Exactly 10 years ago this past Sunday, the St. Joseph's University men's basketball team completed a perfect regular season, blowing out St. Bonaventure by 32 points to improve to 27-0. The Hawks, led by Naismith Memorial Player of the Year Jameer Nelson and fellow NBA-bound running mate Delonte West, did lose their first game of the Atlantic-10 Tournament to Xavier but still earned themselves a No. 1 seed. They were the last team to finish the regular season undefeated prior to Wichita State accomplishing that feat over the weekend.
With Nelson and West comprising far and away the best backcourt duo in the nation, the little Jesuit school on City Ave. was poised to make a run to the Final Four. The Hawks breezed by Liberty before outlasting Texas Tech and Wake Forest for a place among the Elite 8. A talented, game Oklahoma State team stood in the way, but St. Joe's just looked like a team on a mission. Surely Nelson, West and company would dispose of Eddie Sutton's squad and remain as one the last four standing.
Then John Lucas III happened.
It wasn't just a dagger to the heart of the folks on Hawk Hill. It was a dagger to all of Philadelphia and an affront to the basketball fans who call the original nation's capital home.
You see, this wasn't the first time John Lucas ruined basketball in the City of Brotherly Love. Flash back nearly 10 years earlier, all the way back to 1994. That was the year the Philadelphia 76ers hired John Lucas II, father of John Lucas III, as head coach — and it marked the worst era of Sixers basketball since the historically awful 1972-73 squad that went an NBA-worst 9-73.

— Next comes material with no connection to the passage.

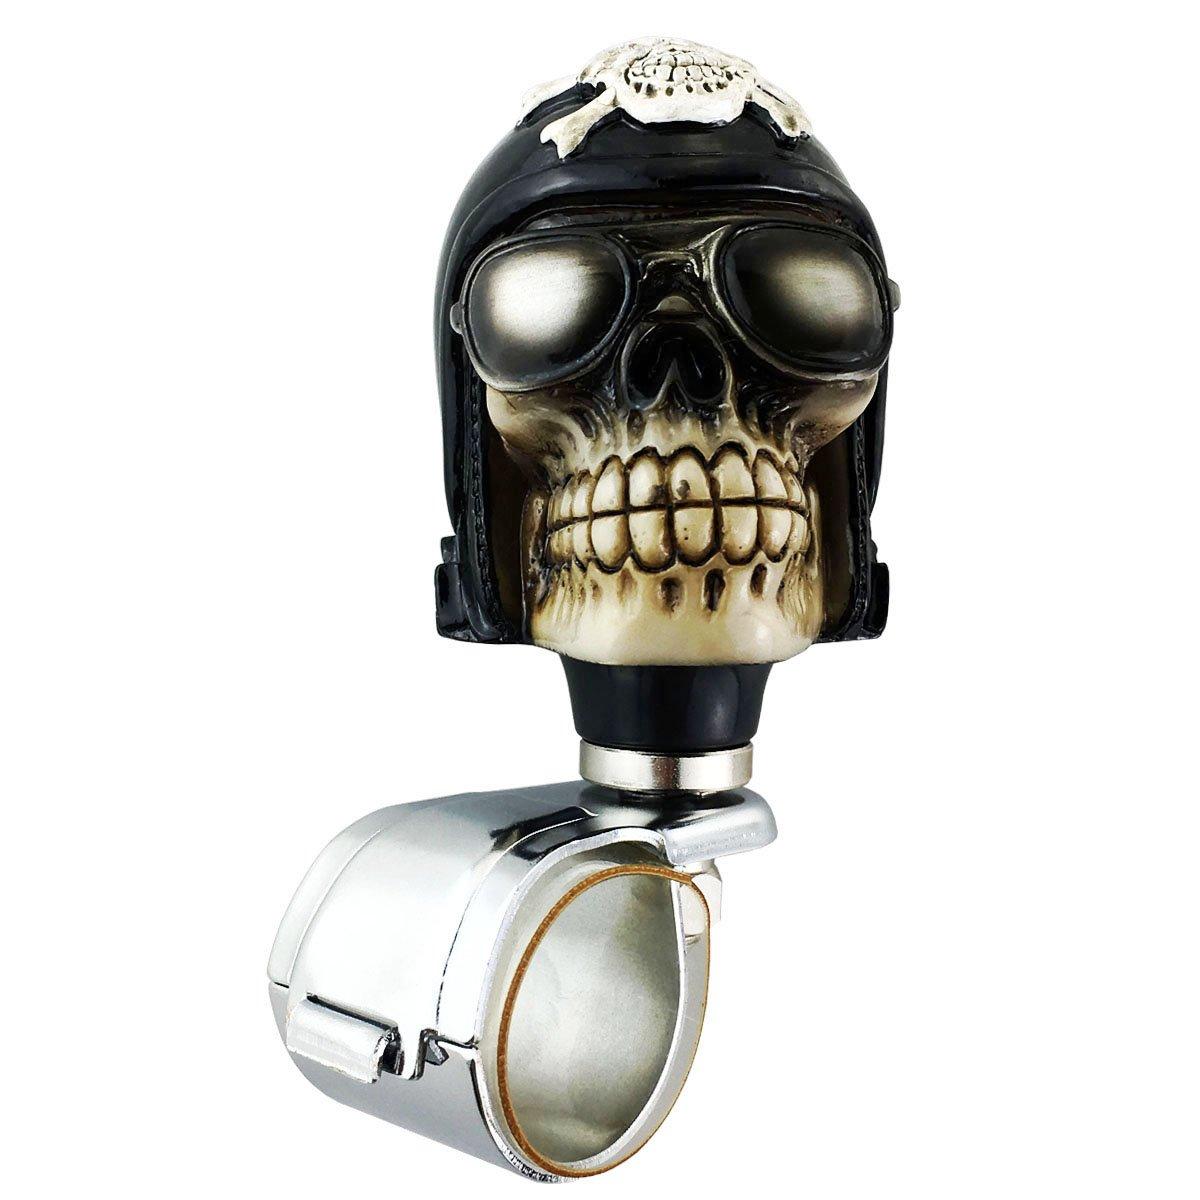 Abfer Suicide Knob Wheel Spinner Skull Steering Wheel Assist Knob Gold Steering Spinning Handle Ball for Vehicles

While it's true that the Sixers were already experiencing troubling times following the 1992 trade of Charles Barkley to the Phoenix Suns, it was under Lucas II's command that the Sixers hit complete rock bottom.
How bad was it? The two seasons Lucas was on the sidelines, the Sixers put forth the second worst two-year stretch in franchise history and the worst that doesn't include that epically awful '72-'73 team. Following a 24-win debut season, the Sixers won just 18 games during the 1995-96 season, compiling a 42-122 combined record under Lucas — a .344 winning percentage. That is just dreadful.
Now it's true that Lucas wasn't exactly coaching the cream of the crop — names like Shawn Bradley, Clarence Weatherspoon, Dana Barros, Jeff Malone, et al — but it was about as bad as things could get. Not even exciting rookie Jerry Stackhouse in year two of the Lucas experience could generate enough buzz to make the Sixers interesting. They were dreadful and, believe it or not, even more painful to watch than this current iteration of the tanking Sixers.
Of course, the dreadfulness of the '95-'96 Sixers led to Philadelphia winning the lottery and selecting Allen Iverson first overall in the 1996 NBA Draft, so perhaps saying Lucas II ruined Philadelphia basketball is a bit harsh. In a roundabout way, he actually saved it by his ineptitude putting the Sixers in position to draft the future Hall of Famer and most recent honoree of a retired number.
But mention the name John Lucas in Philadelphia and you're sure to raise the ire of basketball fans across the city. From John Lucas II and his coaching that made you wonder whether or not he was still a drug addict to John Lucas III and his backbreaking three-pointer to eliminate one of the most beloved college teams in Philadelphia history, the wounds still run deep.
John Lucas ruined Philadelphia basketball not once … but twice. And I'll never forget either one.